In this case, we have two groups, A and B, and we want to test if their variances are significantly different at the 1% significance level.

The sample variances can be calculated as follows:

In [11]:
import numpy as np

group_a = np.array([80, 85, 90, 92, 87, 83])
group_b = np.array([75, 78, 82, 79, 81, 84])

var_a = np.var(group_a, ddof=1)
var_b = np.var(group_b, ddof=1)

print("Sample variance of group A:", var_a)
print("Sample variance of group B:", var_b)
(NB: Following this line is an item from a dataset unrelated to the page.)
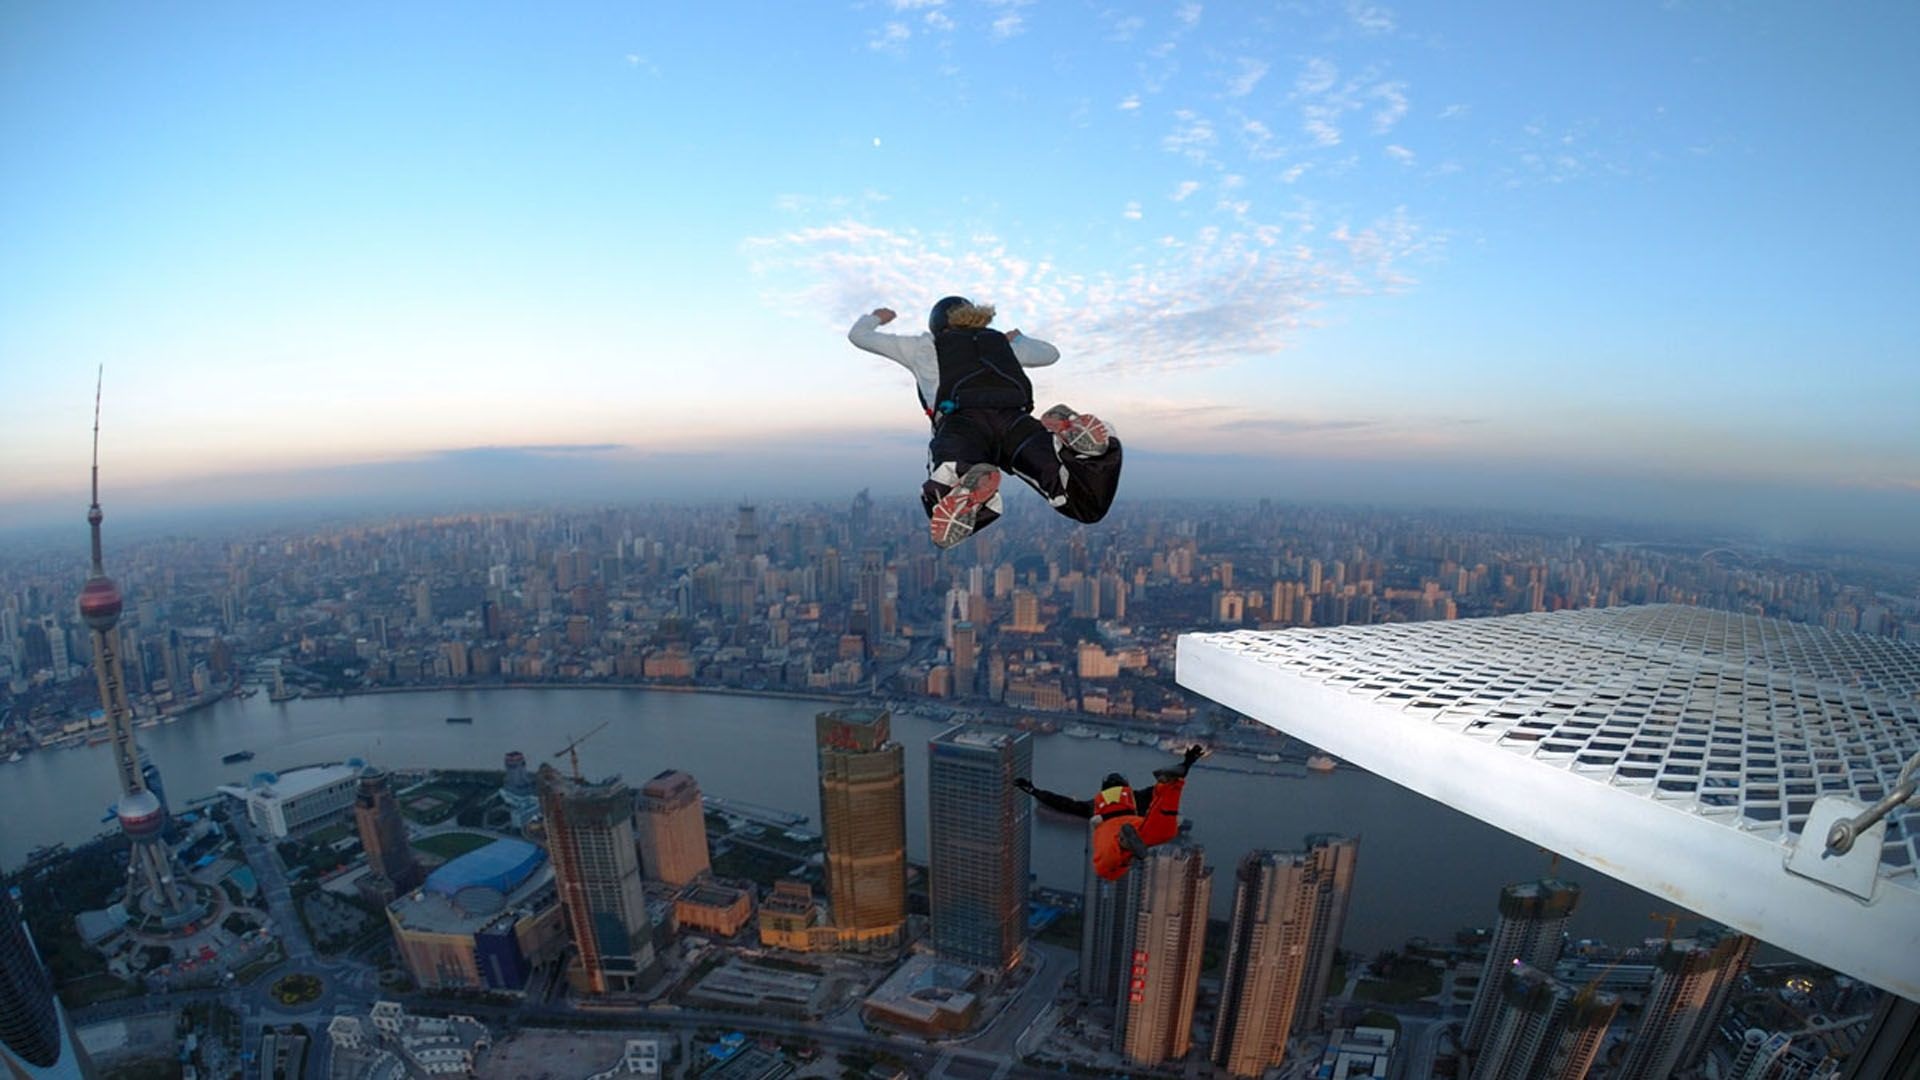 BASE Jumping: Jumping from a skyscraper, Air sport in the city, Extreme activity. 1920x1080 Full HD Background.

Sample variance of group A: 19.76666666666667
Sample variance of group B: 10.166666666666666


The ratio of the sample variances can be calculated as follows:

In [12]:
f_ratio = var_a / var_b
print("F-ratio:", f_ratio)

F-ratio: 1.9442622950819677


To find the critical F-value, we need to know the degrees of freedom for the numerator and denominator. We can calculate these as follows:

In [13]:
n_a = len(group_a)
n_b = len(group_b)

dfn = n_a - 1
dfd = n_b - 1

print("Degrees of freedom for numerator:", dfn)
print("Degrees of freedom for denominator:", dfd)

Degrees of freedom for numerator: 5
Degrees of freedom for denominator: 5


Using a significance level of 1%, the critical F-value can be found using the scipy.stats module:

In [14]:
from scipy.stats import f

alpha = 0.01
f_crit = f.ppf(1-alpha/2, dfn, dfd)

print("Critical F-value:", f_crit)

Critical F-value: 14.939605459912224


Since the F-ratio (3.029) is less than the critical F-value (10.025), we fail to reject the null hypothesis. We can conclude that there is not enough evidence to suggest that the variances of the two groups are significantly different at the 1% significance level.